++++ Data provided ++++

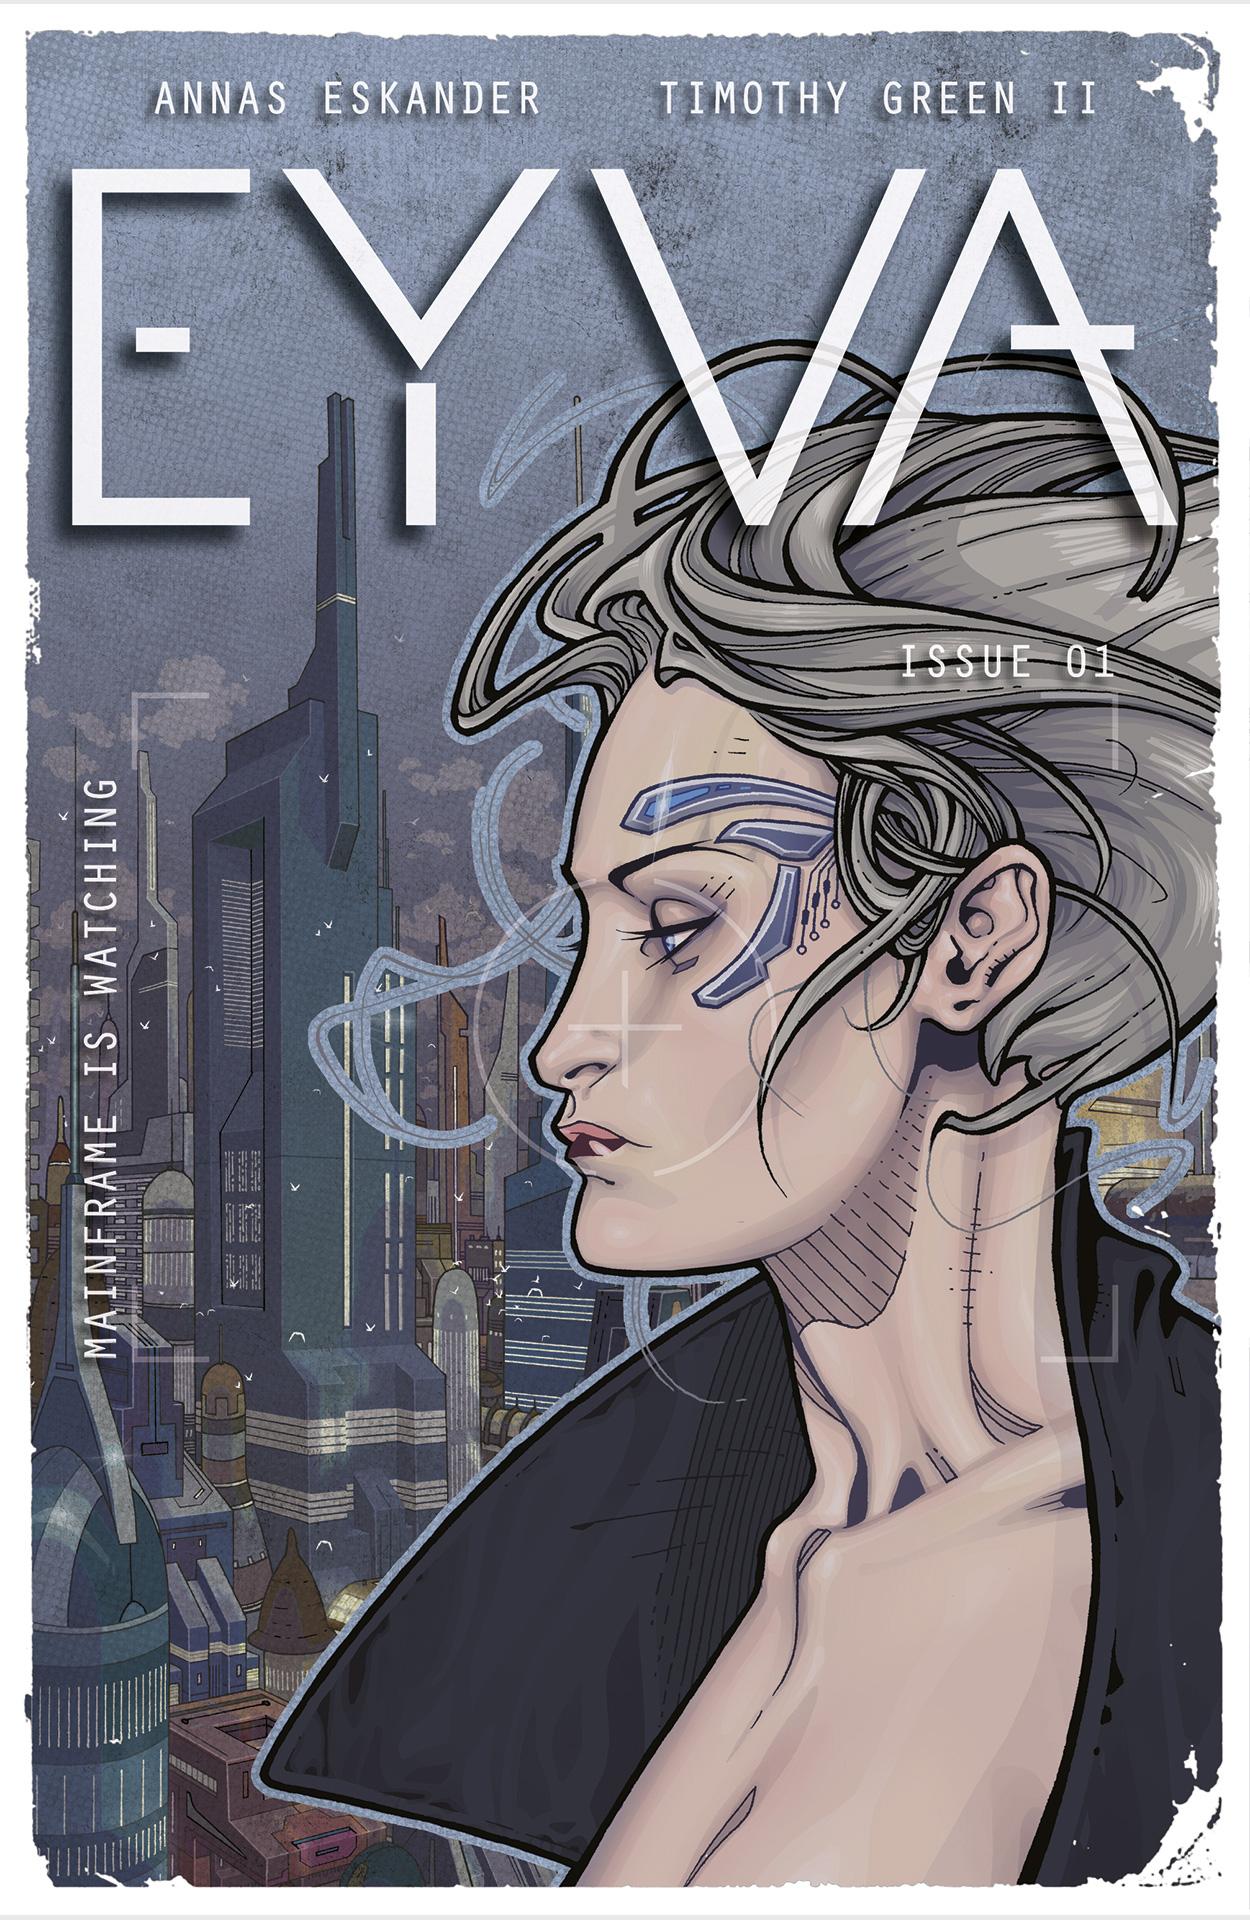 EYVA Comic Issue 1: Mainframe is Watching
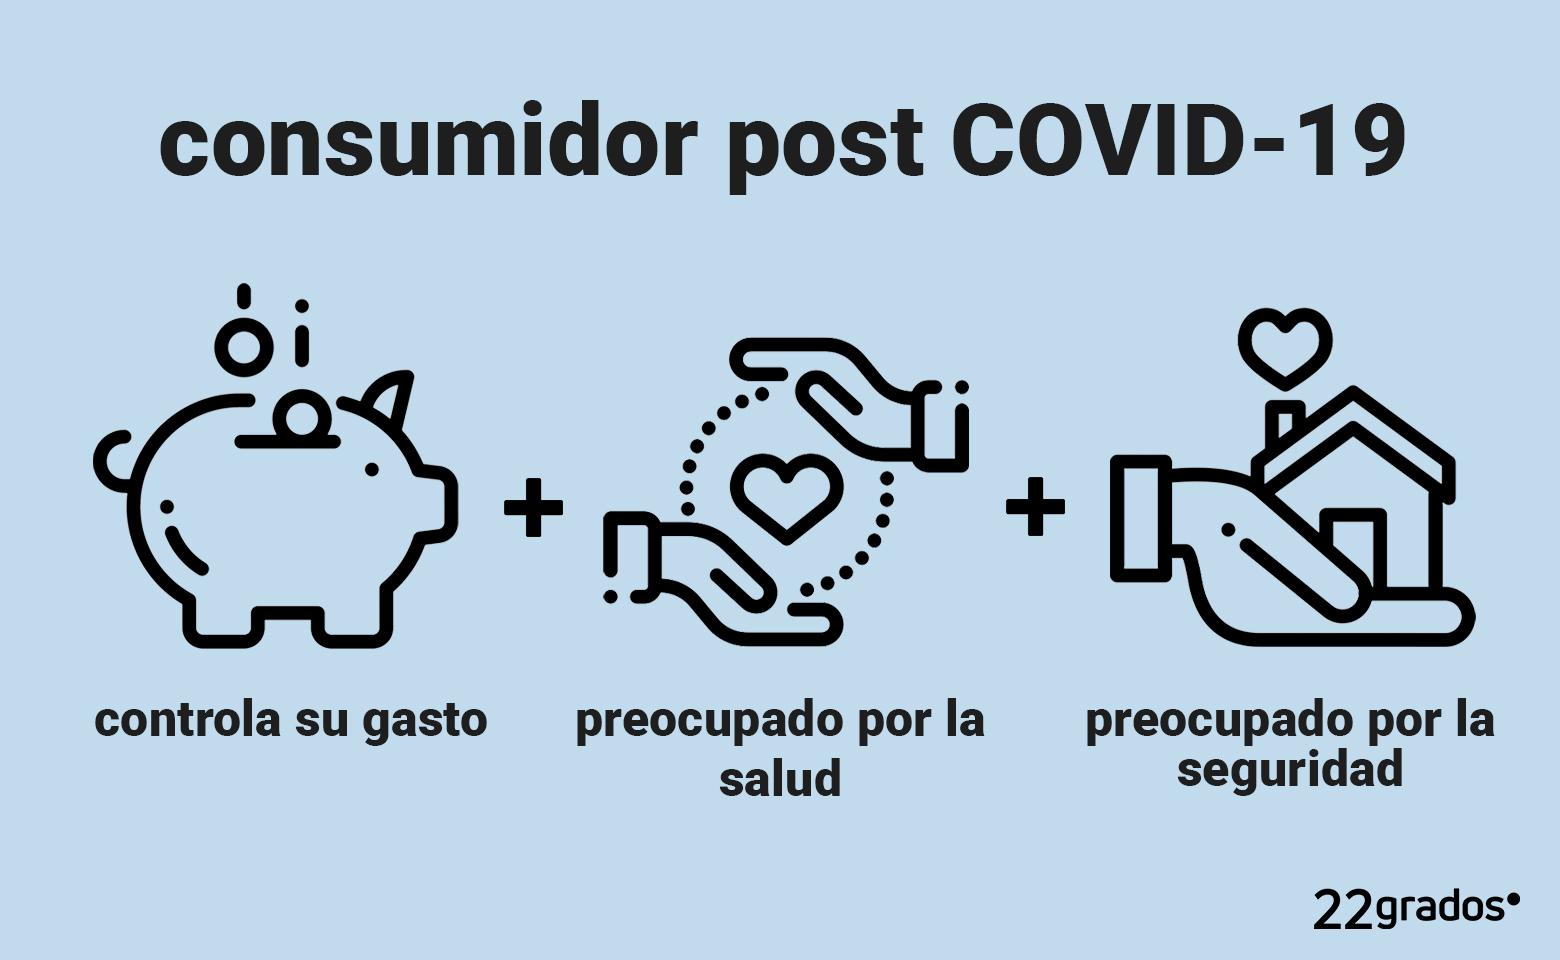 Así es el consumidor post COVID19
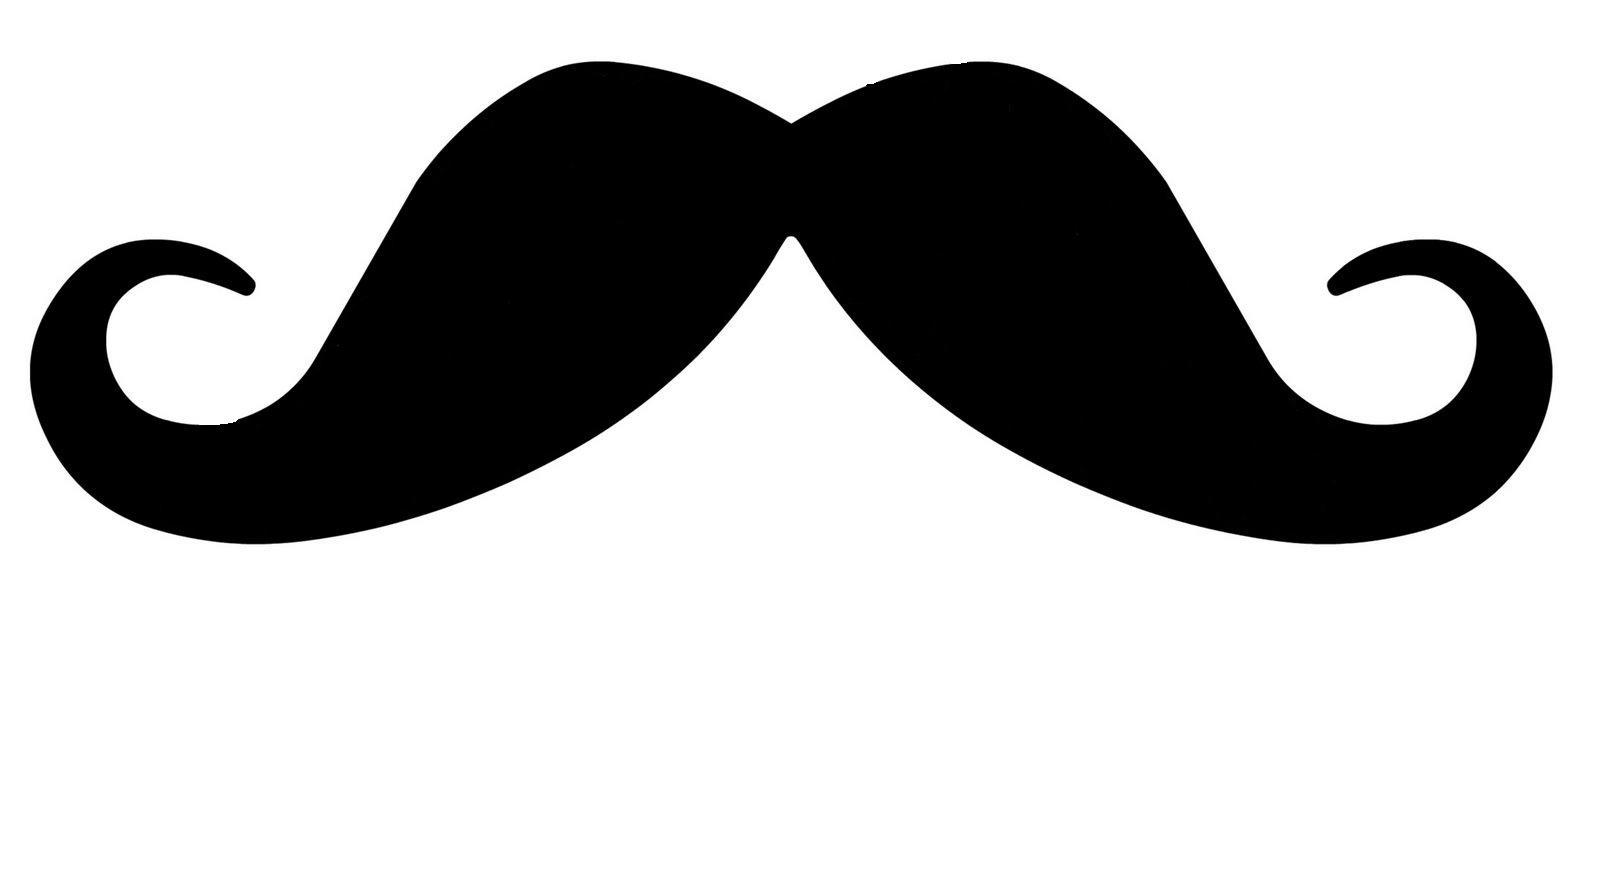 Mustache Outline Clipart - Clipart Kid
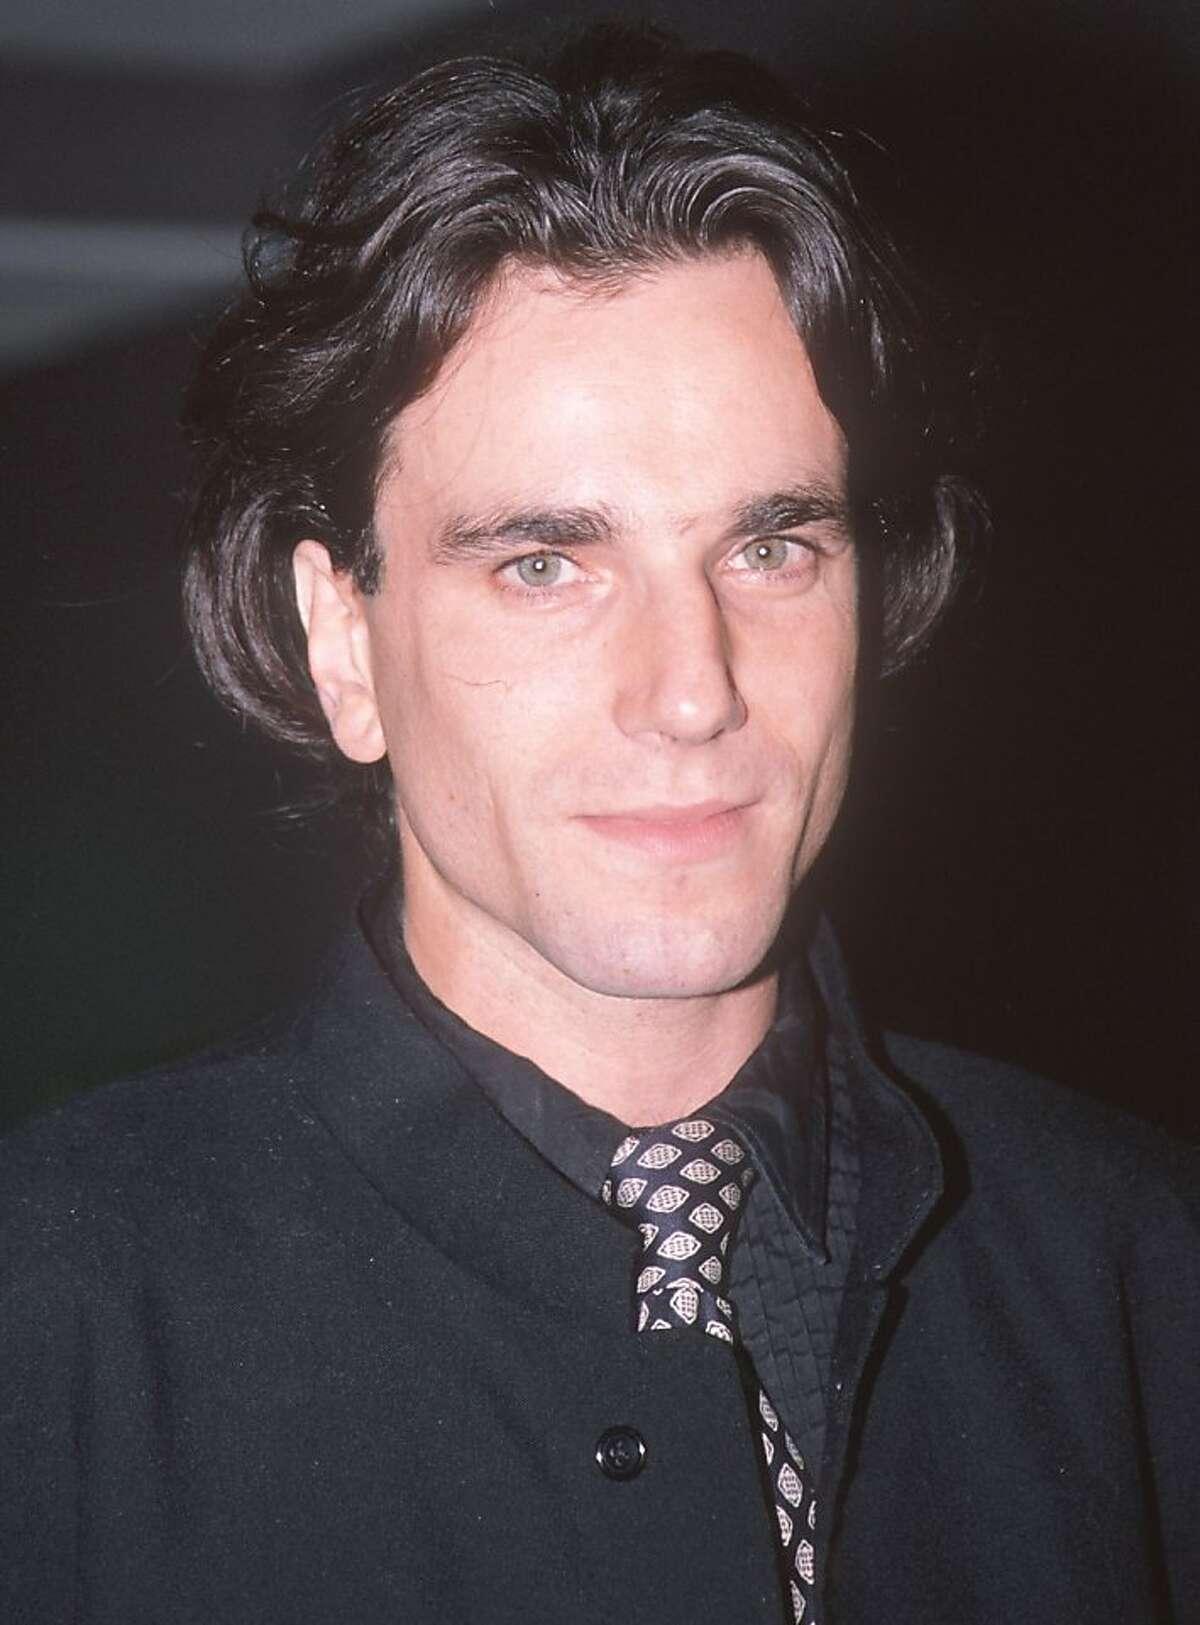 Daniel Day-Lewis, 1989.
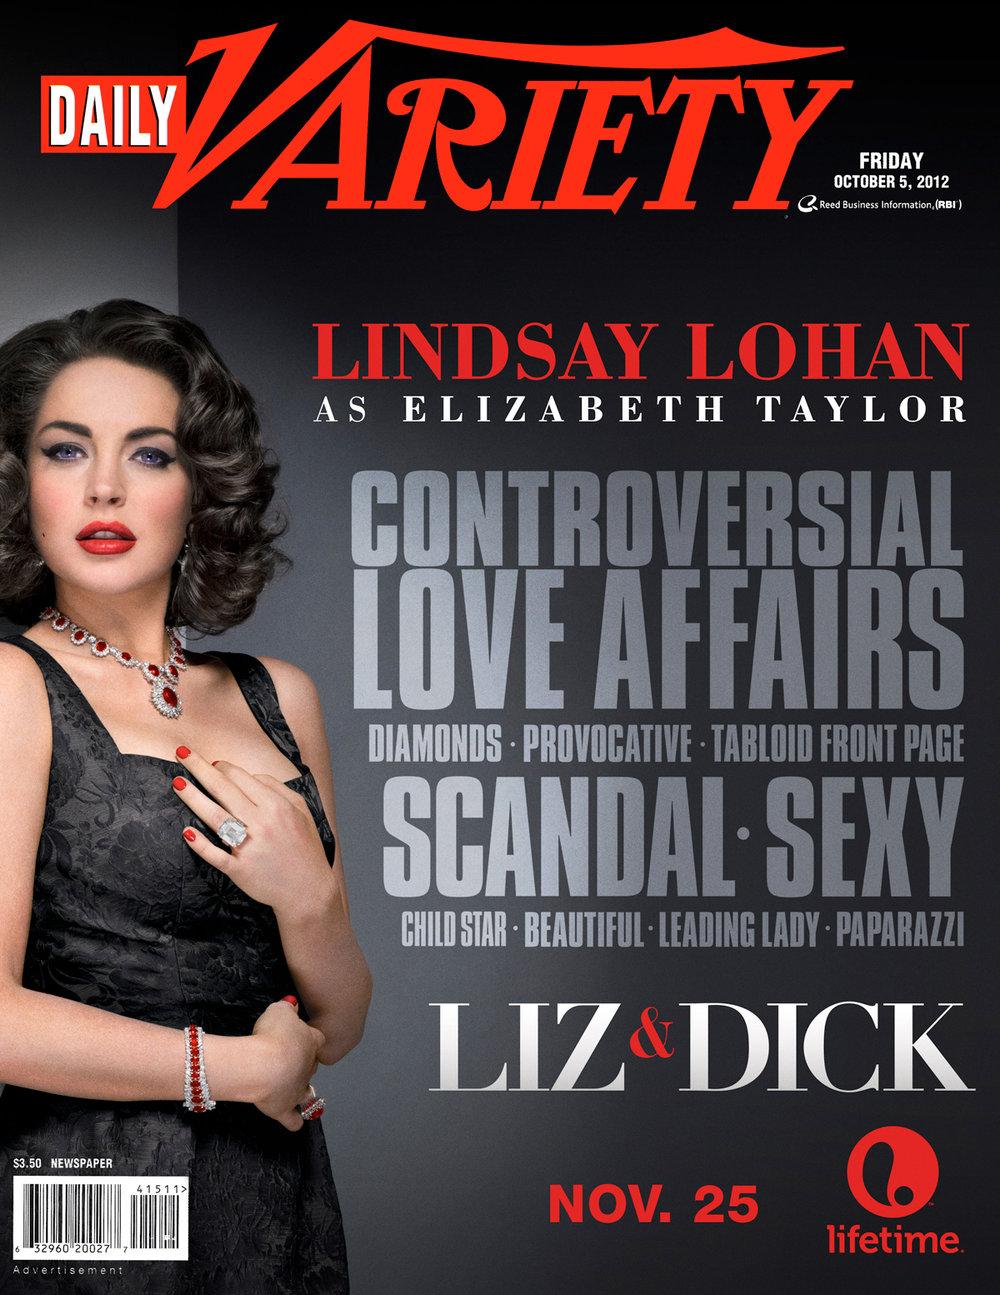 TV_LIfetime_ElizabethTaylor_Lohan_Variety.jpg

++++

◆ Work order: Please set down exactly the lines from the one holding "Daniel Day-Lewis, 1989." through the last line of the entries, both ends included, and skip pictures.

◆ Solution to this problem:
 Daniel Day-Lewis, 1989.
 TV_LIfetime_ElizabethTaylor_Lohan_Variety.jpg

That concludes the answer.